Teachers are heroes: educating before, during and after pandemic-related lockdowns
Without question, the pandemic has ushered in a new age. For teachers, this has meant long overdue recognition for the significant role they play in society. Though the intrinsic value of the teaching profession in human capital development has always been a reality, it is now obvious to the broader public. But will teachers continue to be lauded for their essential contribution to humanity?
On World Teacher’s Day, 5 October 2022, this question was put to two teachers and an education expert during the European Training Foundation’s LearningConnects Livestream, Focus on Teachers, hosted by Maria Lvova Zolotarevskaya, a Communication Officer at the ETF. The speakers included:
Jelena Matić, a teacher at the Aviation Academy in Serbia,
Jawad Adel Al Gousous, the Country Director at DVV International in Jordan
Julian Stanley, a Senior Human Capital Development Expert at the ETF
The purpose of the livestream was to underscore the challenges teachers and learners faced when forced to make the switch to digital learning during lockdown. The discussion also explored how the experience changed their profession and how they are adjusting to life now that they are back to in-person learning.

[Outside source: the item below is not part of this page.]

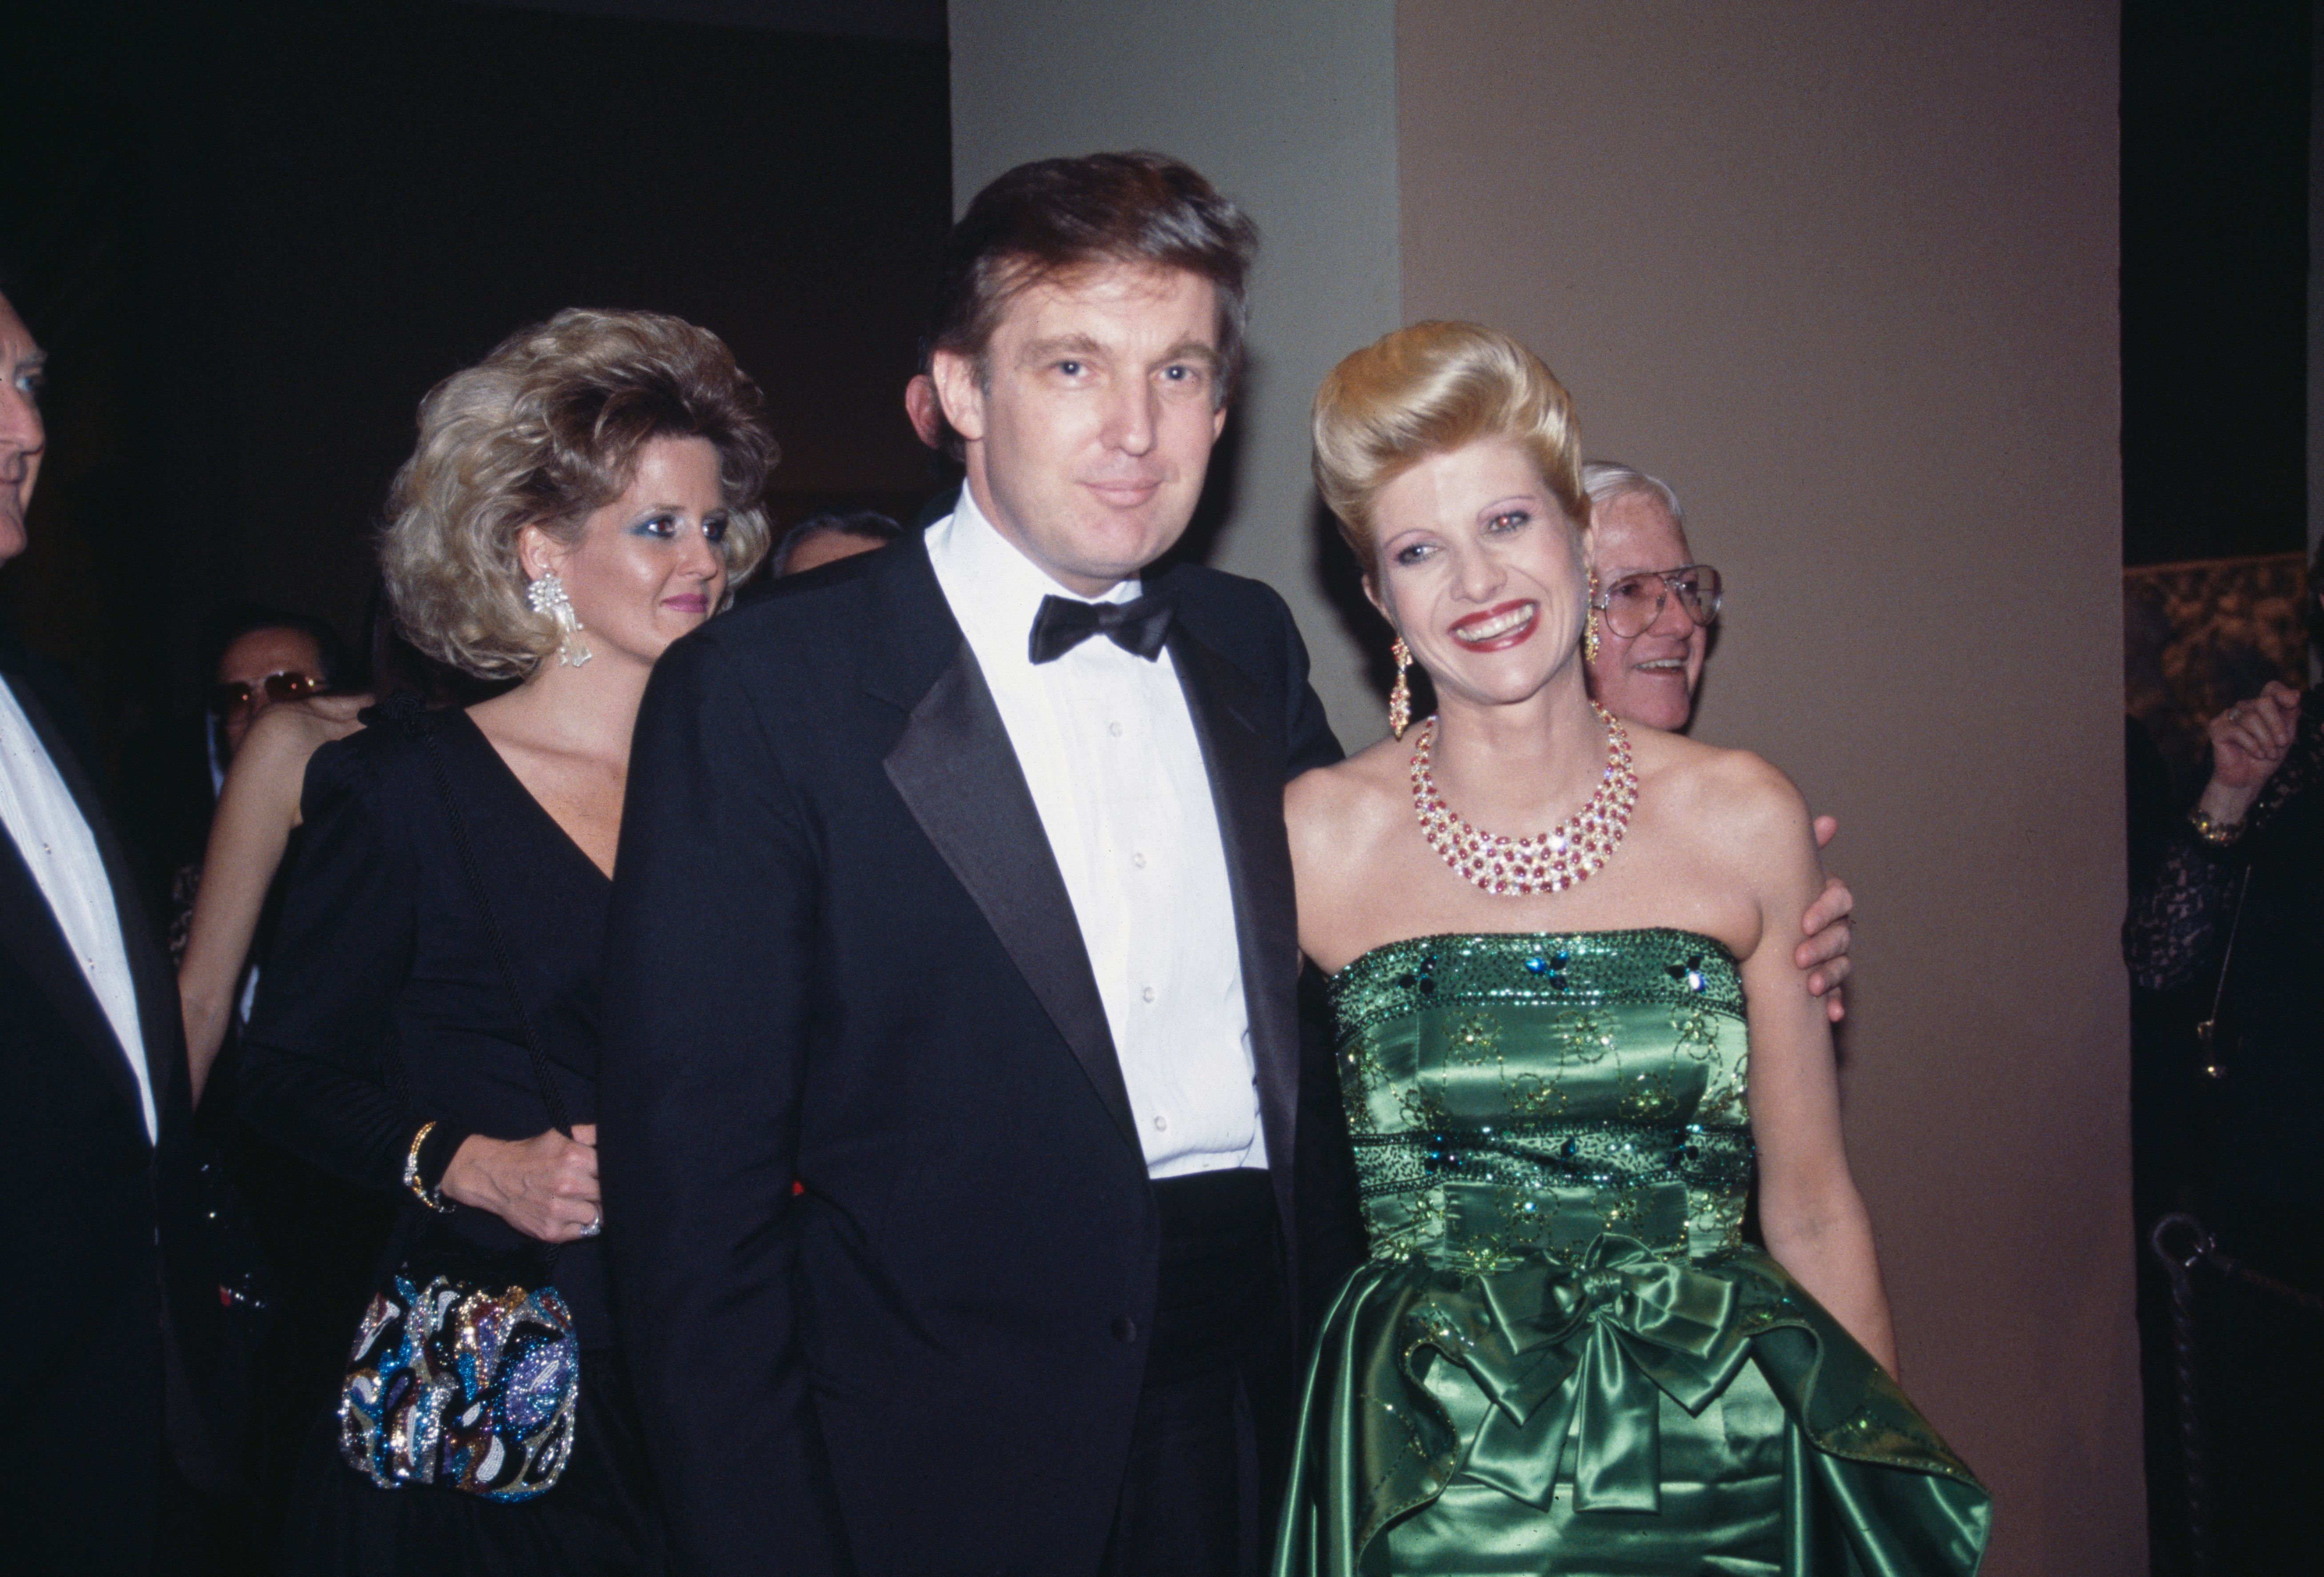 Donald Trump with Ivana Trump at the annual dinner dance of the Costume Institute, held at the Metropolitan Museum of Art in 1987 in New York City | Photo: Tom Gates/Pictorial Parade/Archive Photos/Getty Images

“We are finally valued for what we are doing,” says Jelena Matić. However, according to Julian Stanley, even though the social significance of teachers as frontline workers became clearer during lockdown, the effect may not last. If policy makers want to signal that they value what teachers do, they have their work cut out for them.
“I am concerned that some teachers have been greatly fatigued by the experience of COVID and the challenges of distant teaching and learning,” he says. Indeed, some countries are experiencing “a shortage of certain kinds of teachers and older teachers are taking early retirement”.
What complicates an already stressful situation is bureaucracy. Both Matić and Al Gousous say that the amount of administrative tasks increased during the pandemic and has remained high ever since. Matić says that in addition to preparing classes and introducing innovative ways to teach a subject, teachers are under constant pressure to hand in paperwork by those who deem it important.
According to Stanley, policymakers should actively listen to teachers instead of pushing them to work in a prescribed way because “teachers are motivated by improving the lives of their learners and when they see an opportunity to do so, they are ready to work enormous hours - they are ready to find the energy and the creativity to make things happen”. Education ministries ought to put their efforts into identifying the areas where teachers want to give more and then provide them with the means to do so.
Another issue that needs to be addressed is communication in the classroom between teachers and learners as well as amongst the learners themselves. Though there is joy in being back together Matić has observed that learners have forgotten how to communicate, to behave in certain situations and are afraid to talk to each other.
Moreover, while the pandemic-imposed experiment in digital learning spawned adepts of social networks and media, students no longer seem to know how to use analog tools like books and pencils. Though readjusting to face-to-face learning will take time, the panel agreed unequivocally that in-person learning is indispensable and cannot be replicated online.
Al Gousous was quick to point out how working with adults is different because they “are part of the learning process - they are part of the approach itself and are part of knowledge creation. Adults come to class because they want and need to be there”. The motivation of adult learners and younger learners is, therefore, difficult to compare.
Finally, the panel acknowledged that the future of teaching and learning will undoubtedly be hybrid. There is no going back, but teachers and learners need to be equipped with the right skills and the right tools. As Stanley says, “it’s not enough to expect teachers to use the approaches research shows are good or which are recommended - teachers have to find blended approaches they feel work for their own personal style”.
Collaboration is also key. Teachers learn from other teachers. Sharing best practices through fora such as The ETF’s SELFIE or The Community of Innovative Educators can go along way in shepherding educators during this critical transition period.
Just as teachers need guidance in using digital tools, learners also need help navigating the mass of information available in the digital sphere. Teachers can develop the skills necessary to show learners how to deal with data overload successfully. In any case, the goodwill towards teachers and their invaluable contribution must be maintained through strong communities and equally strong policy measures.